Нежная улыбка была мне ответом из глубины заслоненного от лампы кресла.
— Ах, несравненное время! — произнес я. — Тогда ничто не мешало, так близко был мой рай…
Сказав это, я спохватился и не смел поднять глаз. Но как было выдержать? Мне вспоминались не раз сказанные кузиной похвалы вечерам в Смольном у кумы ее матери, где Пашута то с тем плясывала, то с другим из известных в городе щеголей, превознося их любезности, ловкость и вежливо расточаемые залетной провинциалке комплименты. Я ждал, что объявит Паша на мое признание?.. Она молча протянула мне из-под кацавейки руку и, когда я коснулся ее поцелуем, сказала мне: «Какой вы славный, добрый, Савватий Ильич, с вами так отрадно…» И только…
Через день мы гуляли с Пашей по набережной вдоль Невы. Мостовая была скована морозом.
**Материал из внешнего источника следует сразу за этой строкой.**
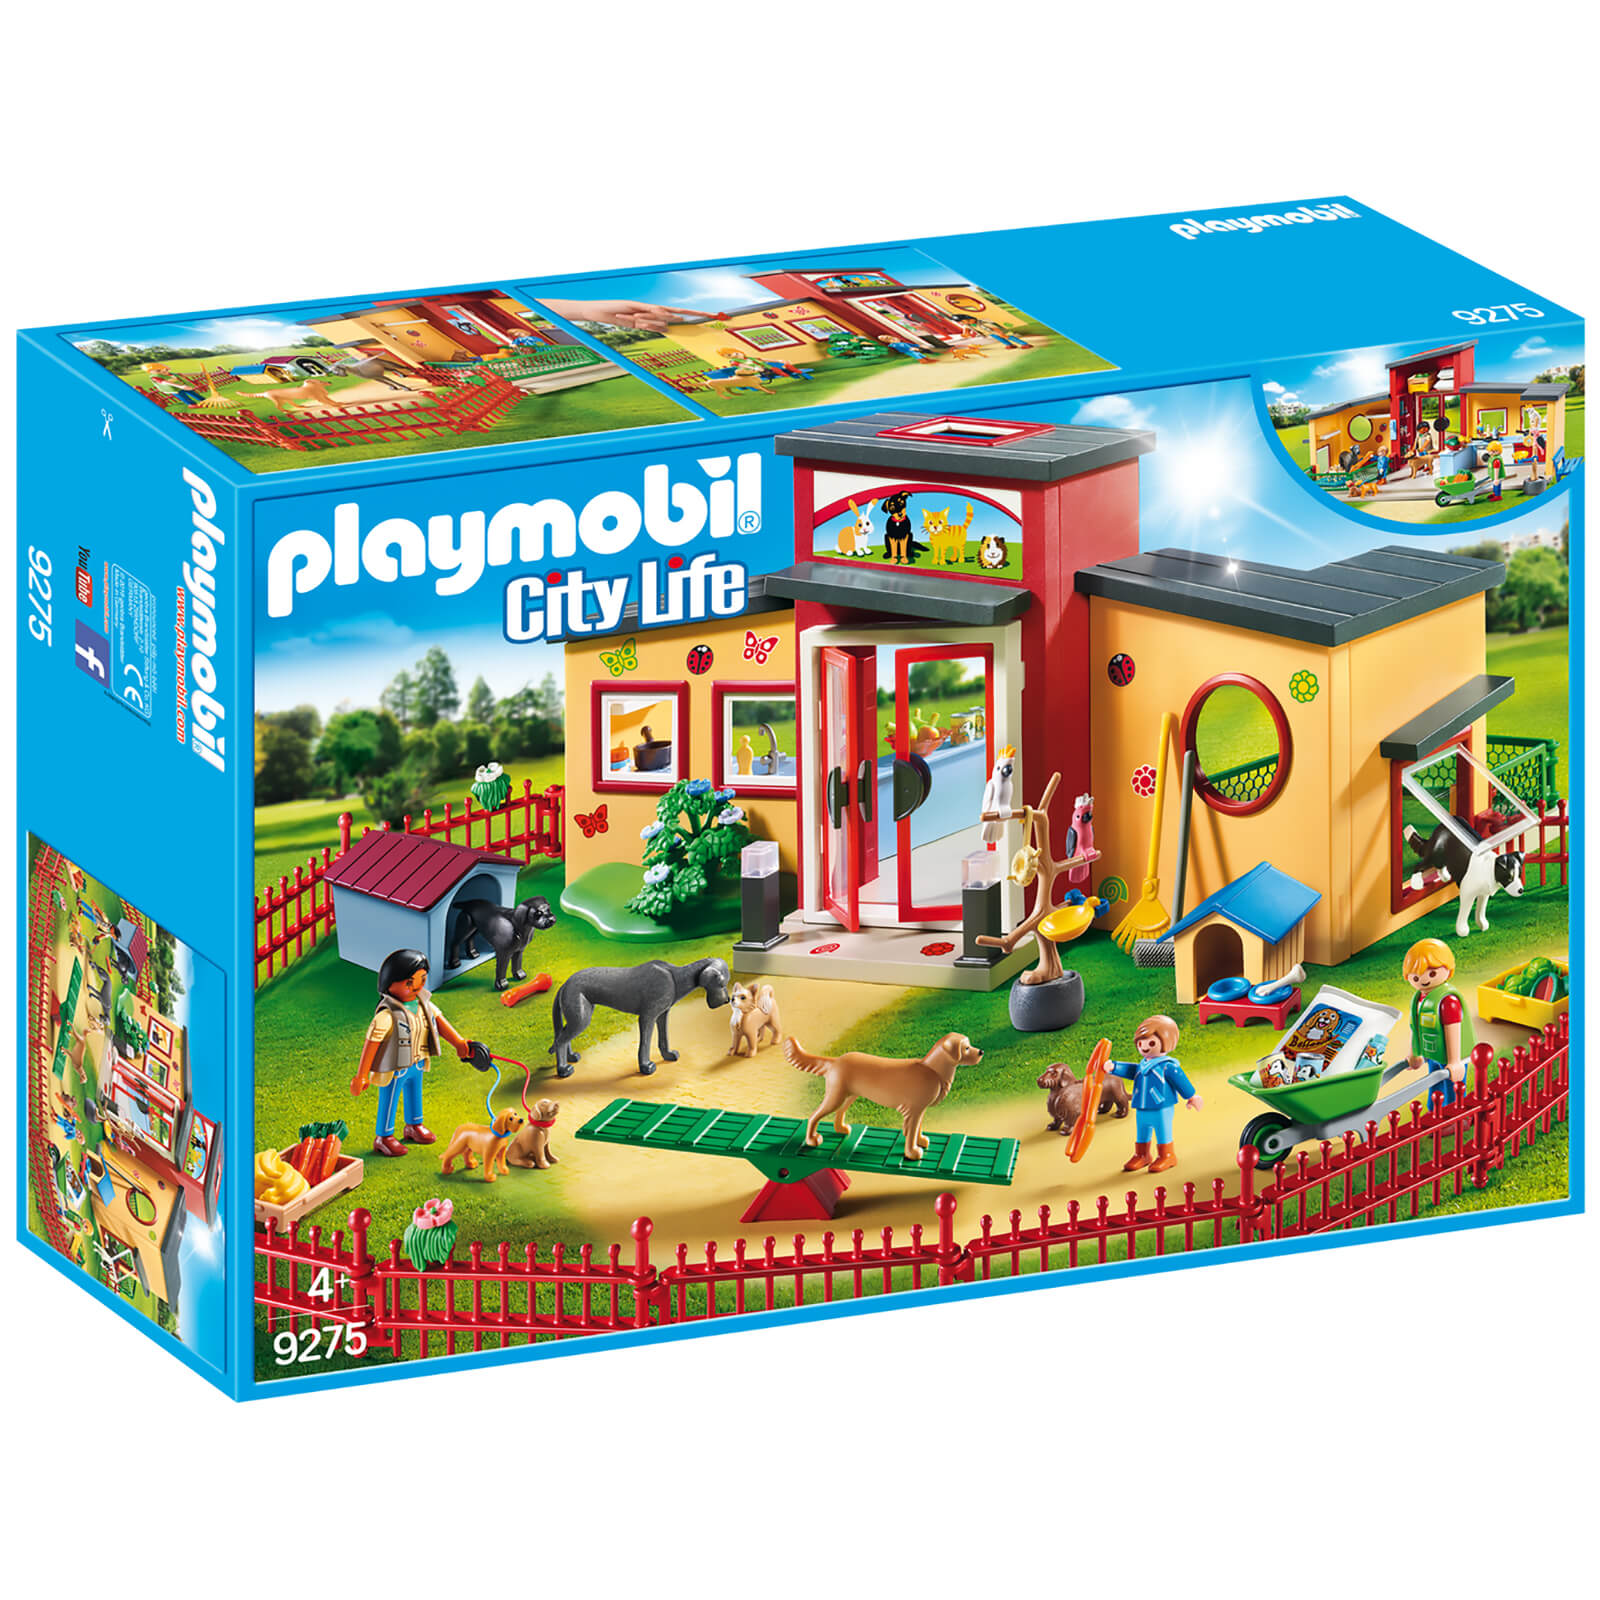 Playmobil City Life Tiny Paws Pet Hotel (9275)

Лихие рысачники проносились мимо нас, лорнируя мою сопутницу в преогромные, вошедшие тогда в моду лорнеты.
— Ах, голубчик Савватий Ильич! — сказала она, скользя легкой походкой. — Как весело! Вот жизнь! Ну как бы я хотела быть богатой…
— И зачем особое богатство? У вас ли с матушкой нет достатка?
— Нет, не то, не то…
— Родовая ваша вотчина первая в уезде, — продолжал я, — как устроена, прилажена, и все для вас…
— Нет, скучно в деревне, глушь, пустота! То ли здешние люди, как обворожительны. Эта пышность, роскошь, жизнь бьет ключом… Экипажи какие, смотрите. Утром — свиданья, визиты… ах, прелесть!.. Что ни вечер — танцы, балы. Деревня… да кто же возьмет меня, хоть бы с нашими постылыми Горками?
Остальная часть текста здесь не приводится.